In their first year as a school sport, Monticello participants are having fun, teaching, learning and proving that they are going to be a program to be reckoned with.

A Magic shooter fires a shell at a clay pigeon during Monticello’s competitive shoot on Monday evening. Team members shoot two rounds of 25 clay pigeons once per week.

A Magic shooter fires a shell at a clay pigeon during Monticello’s competitive shoot on Monday evening. Team members shoot two rounds of 25 clay pigeons once per week.

Each high school team shoots competitively one night each week, and after three official weeks of competition, the Magic are in second place in their Class AAA conference, mere points behind conference leading St. Francis.

And as a team that is just getting started, the Magic seem to believe their best is still in front of them.

“I think pretty much everyone has been improving over the season,” said captain Amber Skelton. “[Everyone is] getting more comfortable with it.”

The third team captain, Michael Dockendorf, agreed.

“It should only get better as we go,” he said.

One of the reasons the captains are so encouraged that improvements will continue is that they benefit from a knowledgeable and extensive coaching staff.

Baloun has a long history of trap shooting, firearm safety and more, and she’s surrounded herself with a number of qualified assistants and helpers.

“Surrounding myself with great coaches and people of knowledge has been a great benefit,” said Baloun.

The kids have seen the same thing, saying that one of the biggest positives of trap shooting becoming a school sport has been the great coaching.

“They help you with what you need to know,” said Skelton. “They help you change and get better.”

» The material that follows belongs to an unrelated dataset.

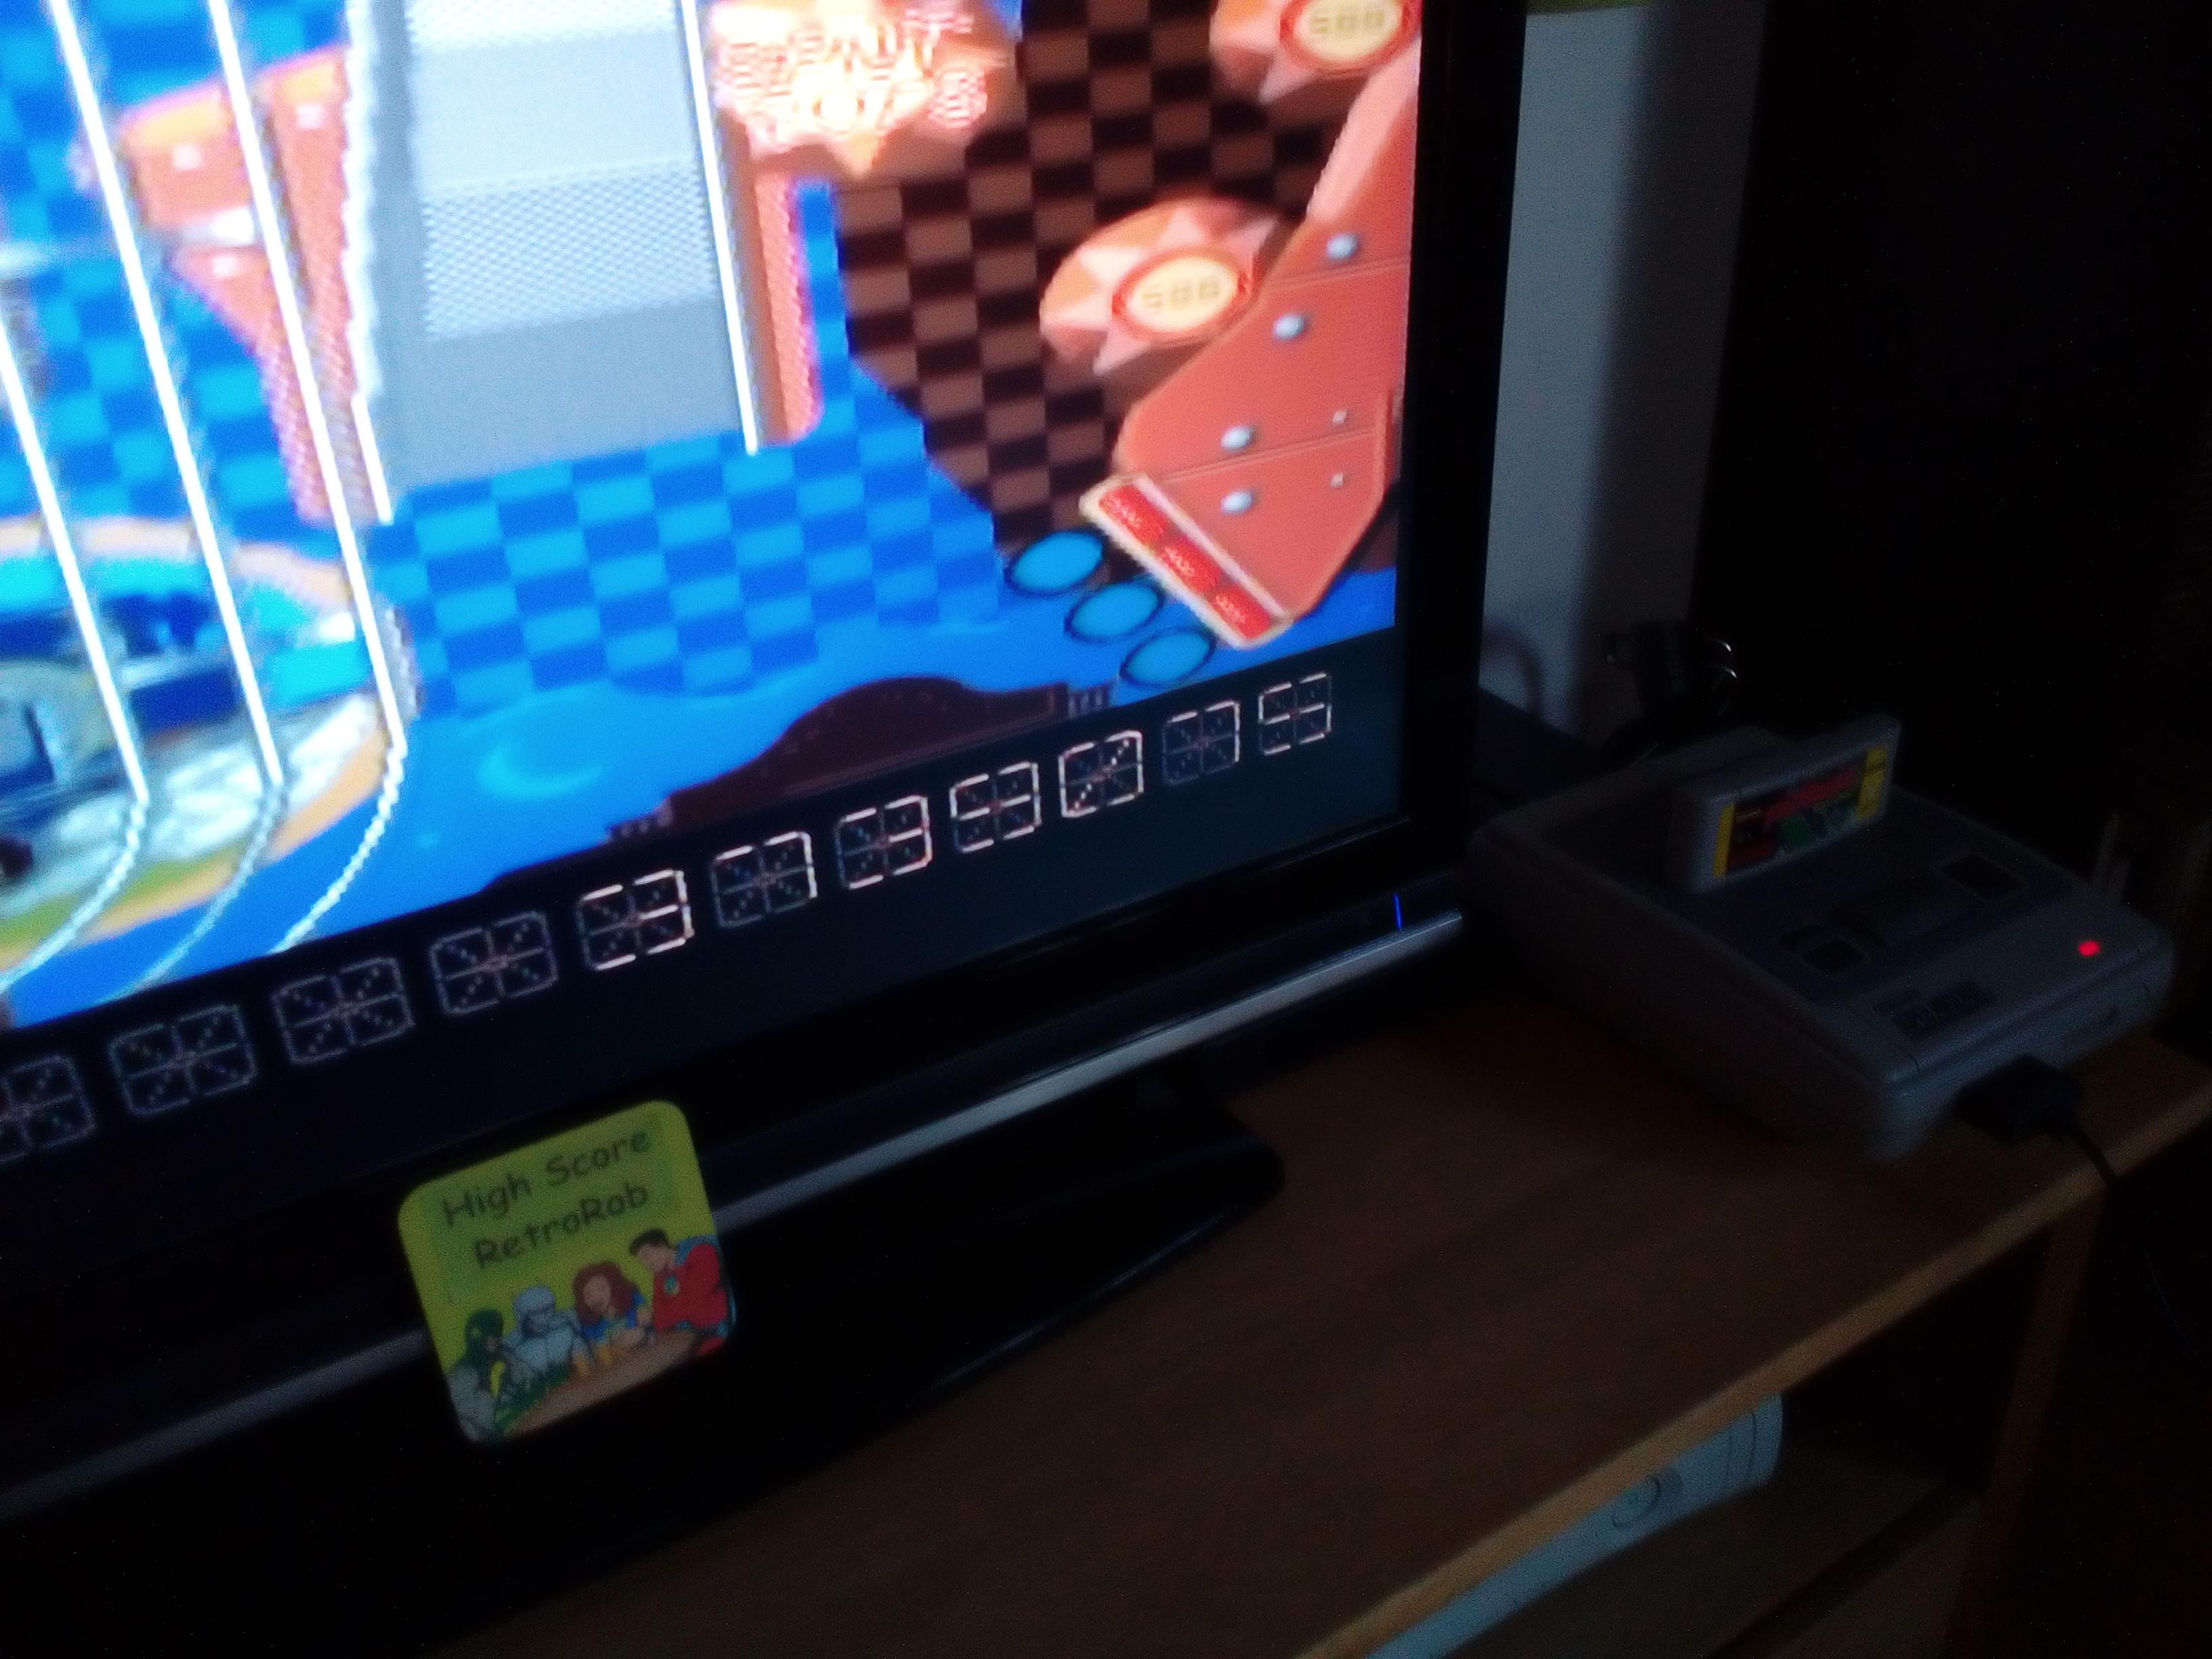 RetroRob: Pinball Dreams: Steel Wheel (SNES/Super Famicom) 3,739,075 points on 2018-05-07 13:52:39

If you flip it around, the coaches have benefitted from working with a lot of talented shooters.

The Minnesota State High School Clay Target League ranks the top 30 shooters in each conference. Monticello, which has eight teams in its conference, has seven shooters in the boys top 30 and five in the girls top 30.

Leading the way for the Magic are Hunter Hedtke, who currently tops the conference with a scoring average of 23.17, and Ashley Taylor, the second best female shooter in the conference with an average of 19.

“Both of those shooters are excellent shooters,” said Baloun. “They’ve been shooting for years.”

Luke Swanson (22.67) and Cody Hoffman (22.33) are also in the top ten of the male division, while Mikayla Baloun (17) and Stephanie Kemmetmueller (15.5) both crack the top 10 on the female side.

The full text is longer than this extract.